Cardiovascular disease is the leading cause of death worldwide
Certain chemicals produced by gut bacteria to digest red meat increase the risk of cardiovascular disease
Consumption of fish, poultry and eggs was not significantly associated with an increased risk of cardiovascular disease
Chemicals produced in the digestive tract by gut microbes after eating red meat may help explain part of the increased risk of cardiovascular disease (CVD) associated with the consumption of this foodaccording to a new study published in the scientific journal Arteriosclerosis, Thrombosis, and Vascular Biology.
In the whole world, cardiovascular disease is the leading cause of death. Although the risk of developing cardiovascular disease, including heart attack and stroke, increases with age, other risk factors are influenced by lifestyle.
Lifestyle and behaviors known to improve cardiovascular health include eating healthy foods, especially fruits and vegetables; regular physical activity; get enough sleep; maintain a healthy body weight; stop smoking; and control high blood pressure, high cholesterol and blood sugar.
“Most of the attention to red meat consumption and health has focused on levels of dietary saturated fat and blood cholesterol. Based on our findings, new interventions may be useful to target the interactions between red meat and the gut microbiome to help us find ways to reduce cardiovascular risk,” said study co-author Dr. Meng Wang, postdoctoral researcher at the Friedman School of Nutrition Science and Policy. from Tufts University in Boston.
Previous research has shown that certain metabolites (chemical by-products of food digestion) are associated with an increased risk of cardiovascular disease. One of these metabolites is TMAO, or trimethylamine N-oxide, produced by intestinal bacteria to digest red meat It contains large amounts of the chemical L-carnitine.
Elevated levels of TMAO in the blood of humans may be associated with an increased risk of cardiovascular disease, chronic kidney disease, and type 2 diabetes. However, it remains unclear whether TMAO and related metabolites derived from L -carnitine may help explain the effects of red. meat consumption on cardiovascular risk, and to what extent they may contribute to the cardiovascular risk associated with meat consumption.
To understand these questions, the researchers who conducted this study measured the levels of the metabolites in blood samples. They also looked at whether blood sugar, inflammation, blood pressure and blood cholesterol could explain the elevated cardiovascular risk associated with red meat consumption.
Study participants were nearly 4,000 of the 5,888 adults originally recruited between 1989 and 1990 for the US Heart Health Study. Participants selected for the present study were free of clinical cardiovascular disease at the time of enrollment.
The average age of participants at enrollment was 73 years old, nearly two-thirds of participants were female, and 88% of participants identified as white. The median duration of participant follow-up was 12.5 years, and up to 26 years in some cases.
Participants’ medical histories, lifestyle, health conditions, and sociodemographic characteristics, such as family income, education, and age, were assessed during follow-up appointments.
Various blood biomarkers were measured at the start of the study and again in 1996-1997. Fasting blood samples stored frozen at -80°C were tested for levels of several gut microbiomes associated with red meat consumption, including TMAO, gamma-butyrobetaine, and crotonobetaine.
In addition, all study participants completed two validated food frequency questionnaires about their usual eating habits, including consumption of red meat, processed meat, fish, poultry, and eggs, at the start of the study and again between 1995 and 1996. .
In the first questionnaire, participants indicated how often, on average, over the past 12 months they had consumed certain amounts of various foods, ranging from “never” to “almost every day or at least five times a week”. based on average portion sizes, which varied by food source.

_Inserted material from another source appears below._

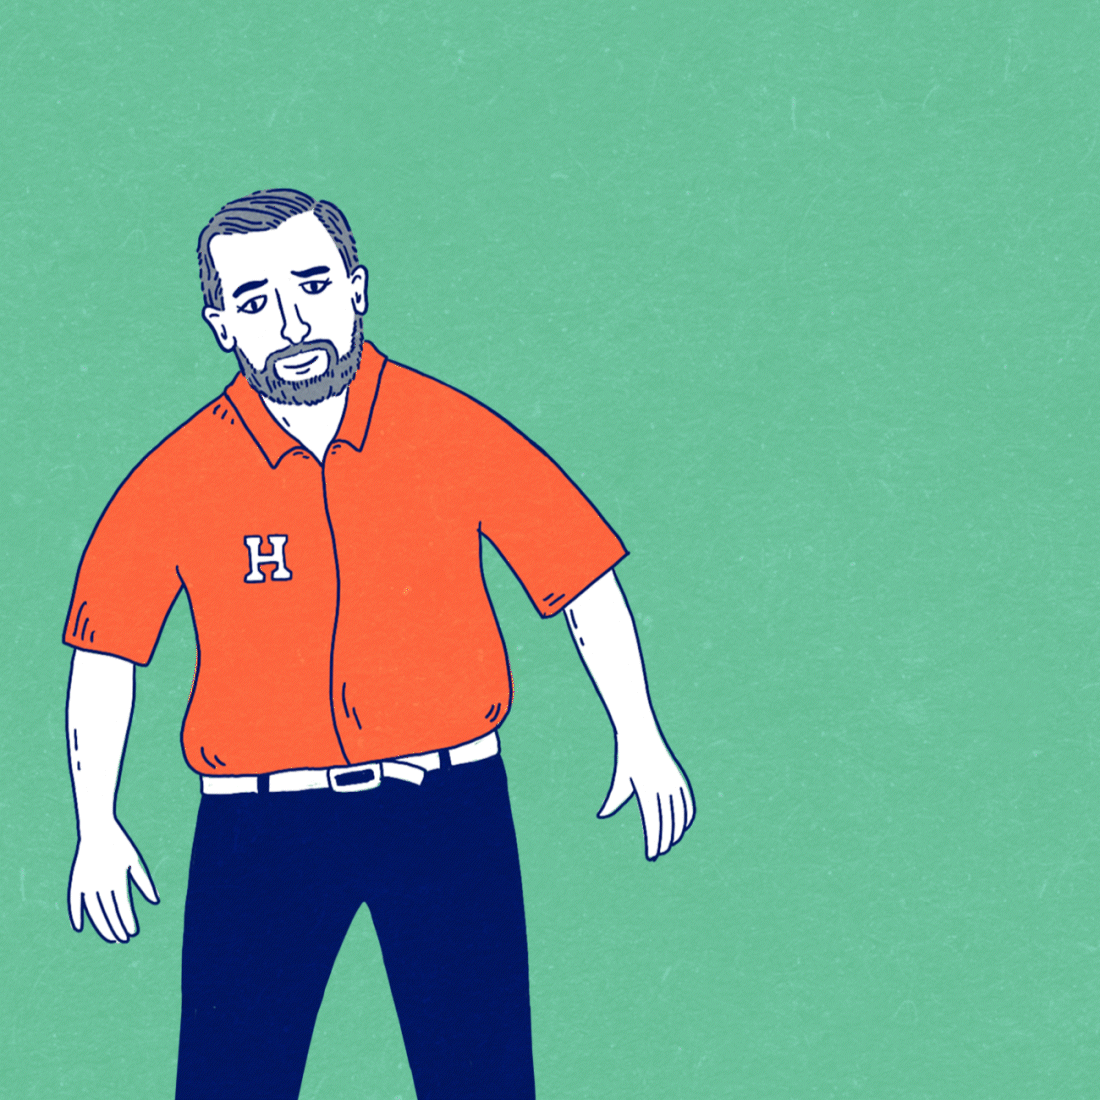 An animated gif of Ted Cruz, wearing an orange polo shirt emblazoned with an H, a white belt, and blue slacks. A can of White Claw alcoholic seltzer comes flying at Cruz from off-screen, striking his shoulder and making him grimace in surprise or pain.

In the second questionnaire, a frequency of ten categories of average intake over the past 12 months was used, ranging from “never or less than once a month” to “more than six servings a day”, with sizes of defined standard portions.
For the analyses, the researchers compared the risk of cardiovascular disease among participants who ate different amounts of animal foods (i.e. red meat, processed meat, fish, chicken and eggs).
What did they discover?
They found that eating more meat, especially red meat and processed meat, was associated with an increased risk of atherosclerotic cardiovascular disease: 22% increased risk for every 1.1 servings per day.
According to the authors, the increase in TMAO and related metabolites found in the blood accounted for about a tenth of this elevated risk. They also noted that blood sugar and general pathways of inflammation may help explain the links between red meat consumption and cardiovascular disease.
Blood sugar and inflammation also appear to be more important in the link between red meat consumption and cardiovascular disease than pathways related to blood cholesterol or blood pressure. Consumption of fish, poultry and eggs was not significantly associated with an increased risk of cardiovascular disease.
“Research is needed to better understand the potential health effects of L-carnitine and other substances found in red meat, such as heme iron, which have been linked to type 2 diabetes, rather than just focus on saturated fat,” says Wang.